Parler signifie un peu plus pour lui que pour le commun des acteurs. Révélé sur les planches par Peter Brook dans le Mahâbhârata, en 1985, ce comédien inimitable est, avant tout autre signe particulier, griot de naissance. « On est griot par le sang, de père en fils, je l'ai donc été avant même d'avoir un prénom. Le premier des griots, mon ancêtre, s'appelait déjà Kouyaté. » Au Burkina, où il a grandi, comme dans les autres pays de l'ancien Empire mandingue (dont le Mali, où il est né), le griot tient, depuis le XIIIe siècle, une place fondatrice dans la société. Il n'est pas seulement conteur et poète (ce à quoi on le réduit souvent, vu d'ici), mais généalogiste, dépositaire de la mémoire de son peuple, instructeur public, conseiller des rois, médiateur entre les nations comme entre les époux en bisbille, maître de toutes les cérémonies, du baptême à l'enterrement. « Aujourd'hui encore, si vous allez demander la main de votre fiancée, votre future belle famille vous demandera : où est votre griot ? »

Enfant, il a connu les temps de dénigrement de sa caste. « Contrairement aux autres artisans, le griot ne produit rien de matériel, son art est exclusivement oral, et il dépend de la générosité de ses interlocuteurs. » Les premiers colons et missionnaires, faute de comprendre les discours des griots, considéraient ces derniers comme des mendiants, des parasites. « A l'école, j'ai chanté nos ancêtres les Gaulois et appris l'histoire et la géographie de la France avant celle de l'Afrique. Les jeunes griots de ma génération avaient honte de se proclamer comme tels. Je participais aux camps d'initiation en dehors des périodes scolaires... Aujourd'hui, c'est l'inverse : beaucoup d'artistes occidentaux, écrivains, chanteurs, comédiens, se targuent d'être des griots », relève-t-il avec malice.

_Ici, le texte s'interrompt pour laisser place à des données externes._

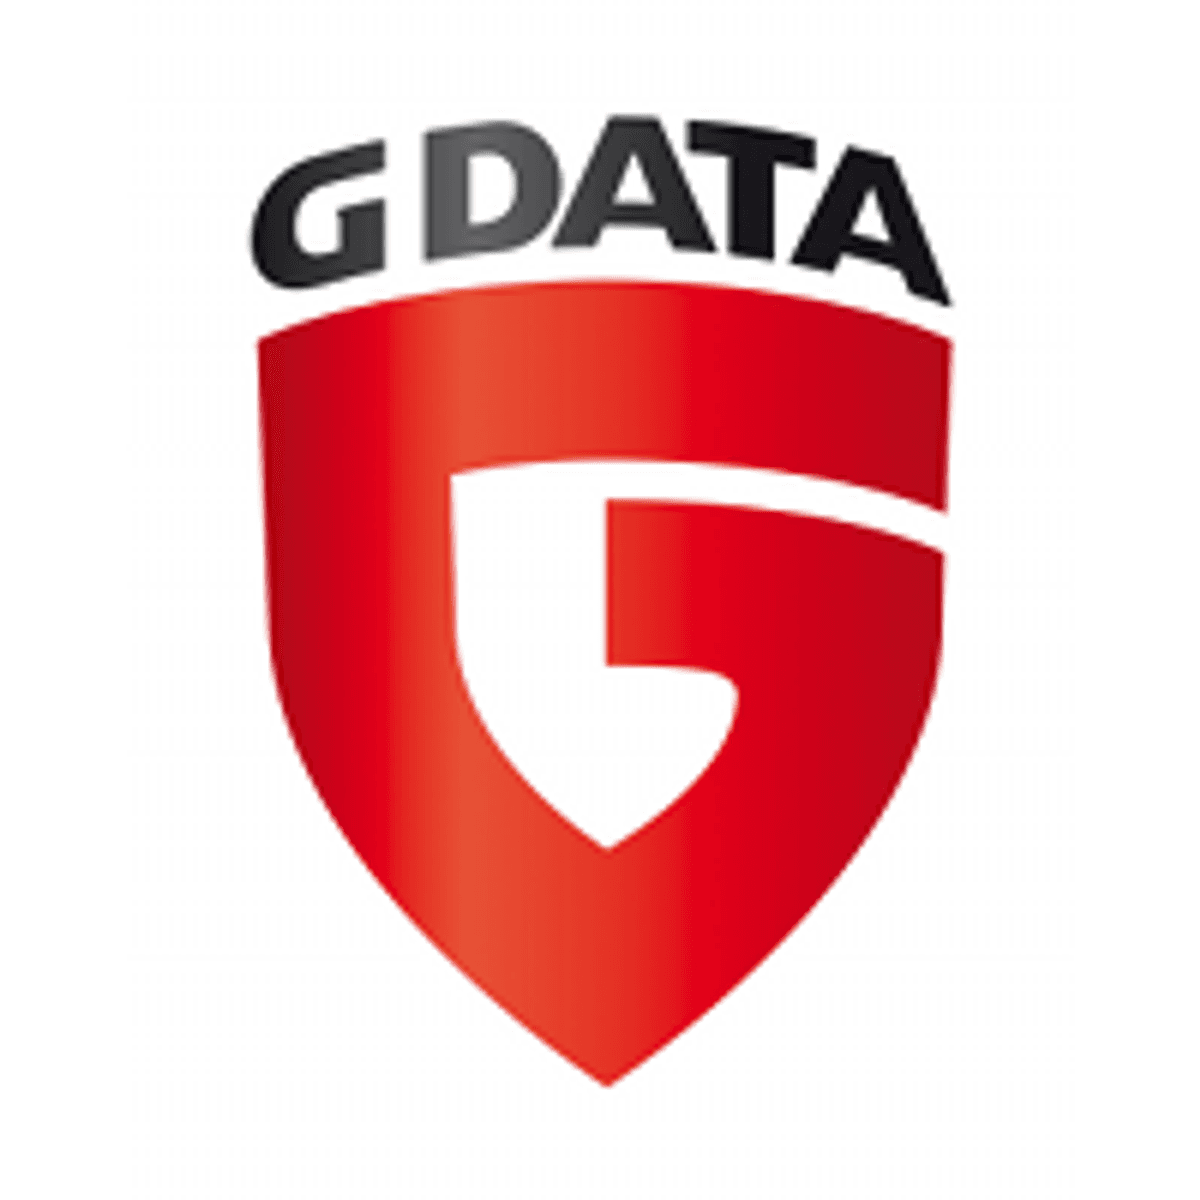 G DATA wil cyberbewustzijn verhogen met Cyber Defense Academy image

A la lettre, pourtant, n'est pas griot qui veut
 : « En cas d'absence du griot attitré, seuls les gens de caste, tels les forgerons ou les cordonniers, peuvent remplir cet office, mais jamais les nobles. Par exemple, le musicien Salif Keita, qui est noble, n'est pas, ne sera jamais un griot. En revanche, son confrère Mory Kanté, qui est forgeron par le sang, peut, à l'occasion, tenir cette fonction. » Sotigui Kouyaté, lui, n'a jamais cessé d'œuvrer comme griot. Même à New York, pendant le tournage de Little Senegal : Rachid Bouchareb raconte que la diaspora africaine se pressait autour de lui pour solliciter ses conseils sur toutes sortes de sujets - matrimoniaux, familiaux, etc. Et qu'il passait aussi des heures au téléphone avec le Burkina ou la France, occupé à prodiguer de semblables consultations.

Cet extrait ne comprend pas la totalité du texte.